The thickness uniformity can be effectively improved by adjusting the flow ratio of H₂. Figure 5b depicts the variation in thickness uniformity of the epitaxial layer and the optimal thickness uniformity of 0.79% (standard deviation/mean value) is obtained at the H₂ flow ratio of 1.63. This result indicates that the proportions of Si and C sources for the central and side areas have changed due to the equivalently adjusted flow ratio of the carrier gas H₂.
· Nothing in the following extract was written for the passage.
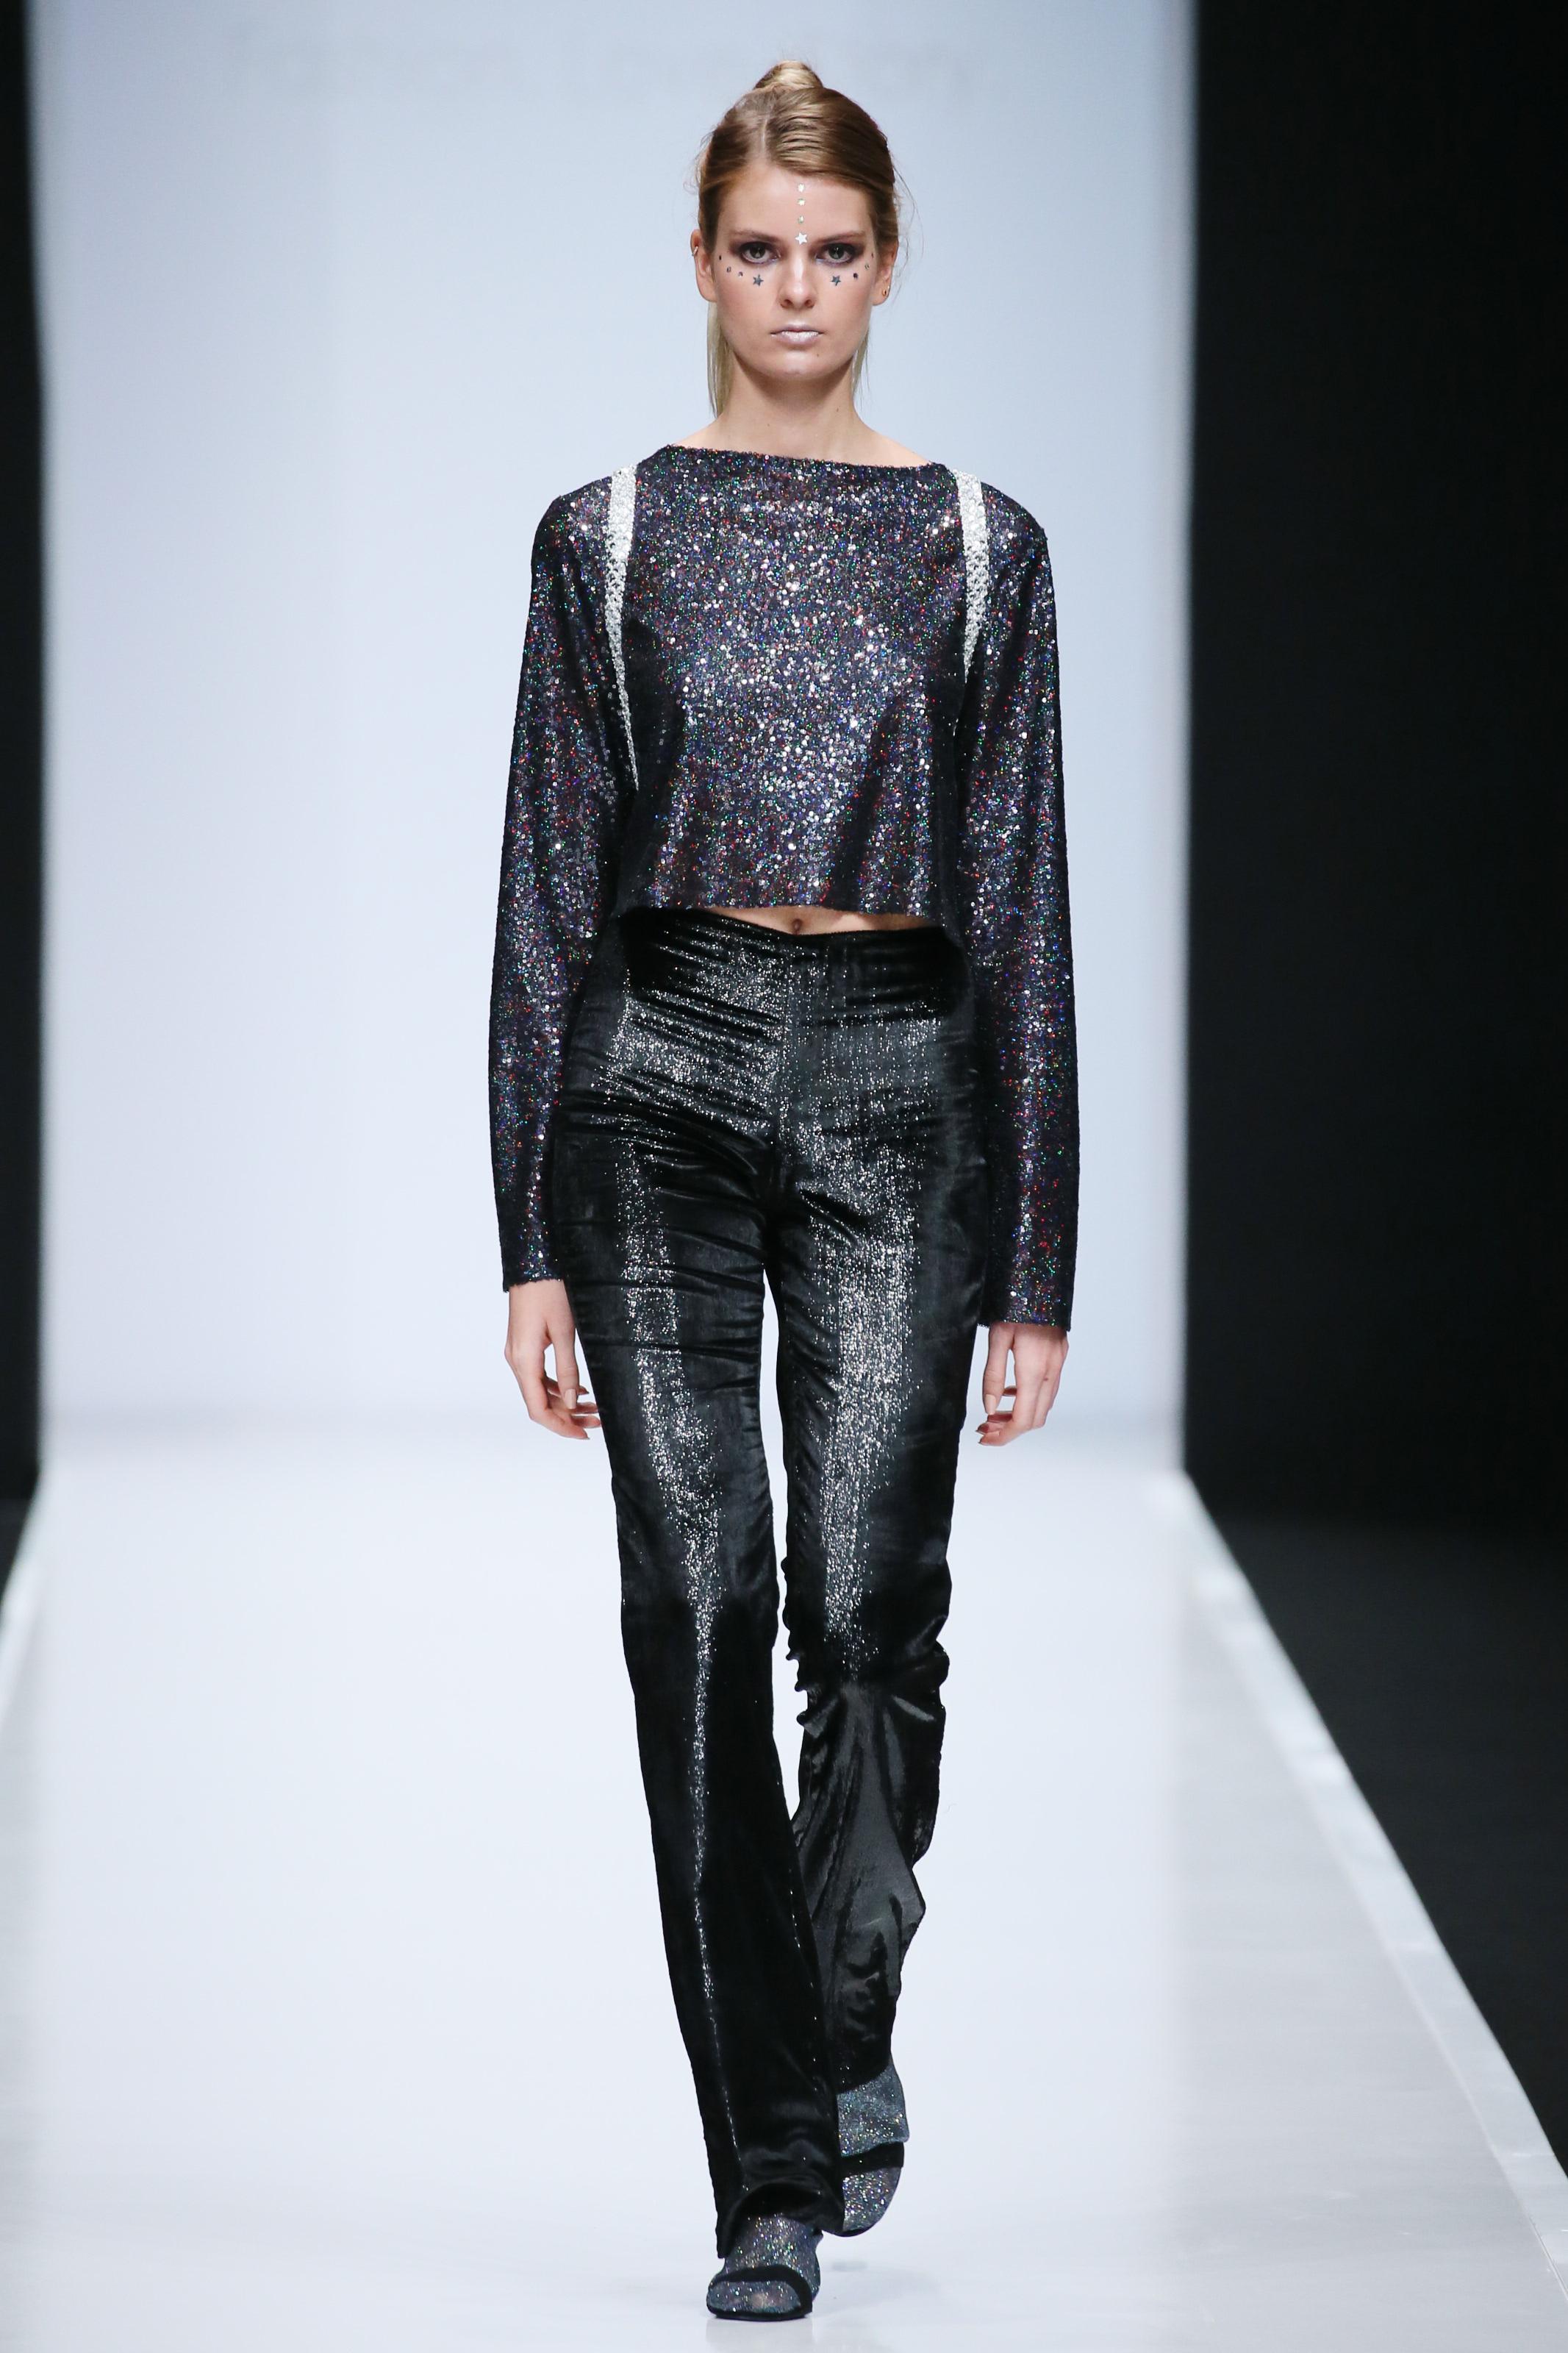 Фото: MBFWRussia: показ FashionTime Designers 2019

The influence of the N₂ flow ratio on the doping concentration was also investigated at the temperature of 1630 °C and the H₂ flow ratio was fixed at 1.63. According to Figure 6a, the N₂ concentration distribution exhibited the “W” shape at the N₂ flow ratio of 0.92. In turn, the N₂ doping concentration curves at the N₂ flow ratio of 1.7 and 1.28 had a bulge shape and the side areas in the first case were smaller than those at the N₂ flow ratio of 1.7. Figure 6b displays the influence of the N₂ flow ratio on the doping uniformity. As seen from the plot, the optimal uniformity of 3.56% (standard deviation/mean value) was achieved at the N₂ flow ratio of 0.92. These results imply that the distribution of the N₂ doping concentration within the corresponding areas can be changed accordingly by adjust the N₂ flow ratio.

4. Conclusions

The 4H-SiC homoepitaxial layers were grown on the 150 mm 4° off-axis substrates using a home-made horizontal hot-wall CVD reactor. The effects of the growth temperature, H₂ flow ratio, and N₂ flow ratio on the surface roughness and uniformity of large-size 4H-SiC epitaxial layers were investigated by changing the growth temperature and flow ratio. The AFM, FTIR, and MCV studies revealed that the change in the growth temperature affected the surface roughness, morphology, growth rate, and uniformity of the epi-layers. Moreover, the nonuniformity of the epitaxial layer due to the temperature differences on the wafer surface could be compensated by adjusting the H₂ and N₂ flow ratio. With the increase in temperature, the surface roughness increased, so that the minimum surface roughness value was achieved at 1610 °C. Meanwhile, the growth rate, thickness uniformity, and doping uniformity decreased, whereas the efficiency of N₂ was enhanced with the increasing temperature. In particular, the optimal thickness uniformity of 0.79% (standard deviation/mean value) was obtained at a flow ratio of 1.63 and the best N₂ doping uniformity of 3.56% (standard deviation/mean value) was acquired at the N₂ flow ratio 0.92. In both cases, the temperature was fixed at 1630 °C. Thus, the growth temperature and flow ratio are two important parameters in the homoepitaxial growth of high-quality 4H-SiC layers on 150 mm 4° off-axis substrates.